Logistics to Reach Hattusa

About 200 kilometers east of Ankara is the town of Bogazkale, which is the closest to Hattusa. The nearest noteworthy tourist destination, Amasya, is 180 kilometers to the northeast. On a map, the trip from Amasya to Bogazkale appears simple, but it is not unless you actually have your own transportation. Using public transportation to get around Turkey is generally simple, and people are accustomed to arriving at a bus station and finding a bus or dolmus (the fixed-route minivan) to get to their next location with ease. Though occasionally a change is necessary, people usually reach their destination without too much difficulty. While there are occasionally exceptions, they are usually limited to remote locations or less-frequented locations.

Is Visiting Hattusa Worth It?

Hattusa is definitely worth the effort—after all, it is another UNESCO site—but it does call for a lot of creativity, particularly at Great Temple. But the breathtaking scenery in the region makes this trip worthwhile. It is possible to truly imagine what life had been thousands of years ago by strolling through the abandoned city. The site offers valuable insights into the little-known Hittite civilization that is now lost. The size of the fortifications and architecture conveys a sense of the former affluence and strength of the empire. Extending beyond the city limits, the surrounding terrain harbors intriguing archaeological ruins such as Yazilikaya rock sanctuary. Hattusa is an astounding place to see if you desire to feel like you are in the long-lost civilization & immerse yourself in olden history.
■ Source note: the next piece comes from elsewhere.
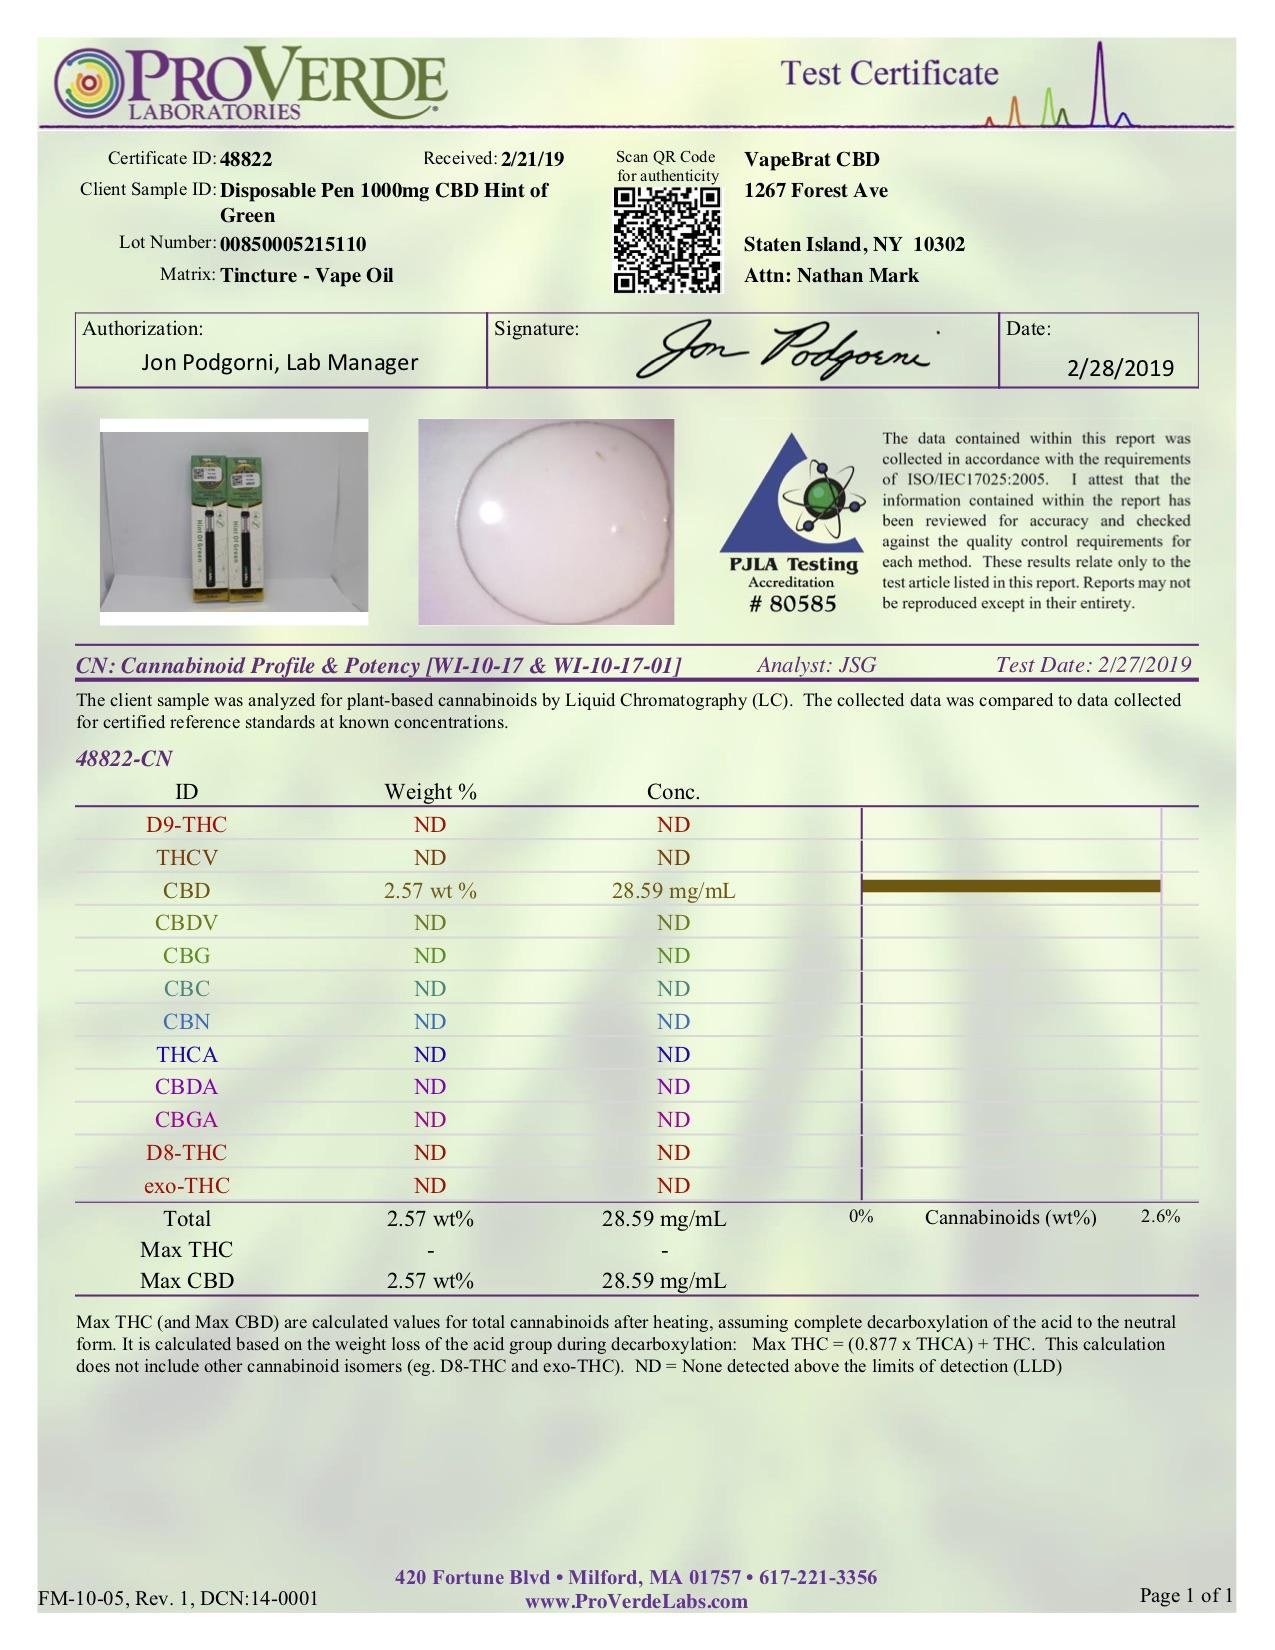 48822-cn-disposable-pen-1000mg-cbd-hint-of-green.jpg

In a way which textbooks cannot, the ruins illuminate the mysterious Hittites.

Reaching Bogazkale and Hattusa through Public Transport

Hattusa is one of those locations that are much easier to visit with one’s own vehicle due to the dearth of public transportation. Additionally, you would be able to avoid taking long, sweltering walks to and from the sites. It may be necessary to haggle for a taxi fare between Sungurlu and Bozgale, which is estimated to be between 60 and 70 Turkish lira. As an alternative, you could rent a vehicle and explore more of Central Turkey. If you can manage to get out of the city yourself, renting a car in Ankara would be a good idea.

There is no direct public transportation link between Amasya and Bogazkale, so there are two choices: Travel by bus to Sungurlu, which is roughly halfway between Amasya and Ankara, and then continue your journey to Bogazkale by dolmus or another bus or board a bus headed for Ankara, ask the driver to stop, and drop us off near the Bogazkale intersection on the highway.

The second option is a better one. You will be in a better position to hitchhike if the bus does not show up, and you can easily pick up the passing Bogazkale-bound bus, which is the reasoning behind the decision. The bus stops on the other side of the major highway, which you have to cross in order to get to the Bogazkale junction, which is the only inconvenience. It might not be the best idea to dash across the street and climb over the central reservation; instead, take the less traveled route around the flyover.


If you are a history buff, this ancient city of Hattuşa is a must-visit. But even if you are not interested in history, visiting this place is well worth the time, and you can get a glimpse of Turkey’s flourishing past.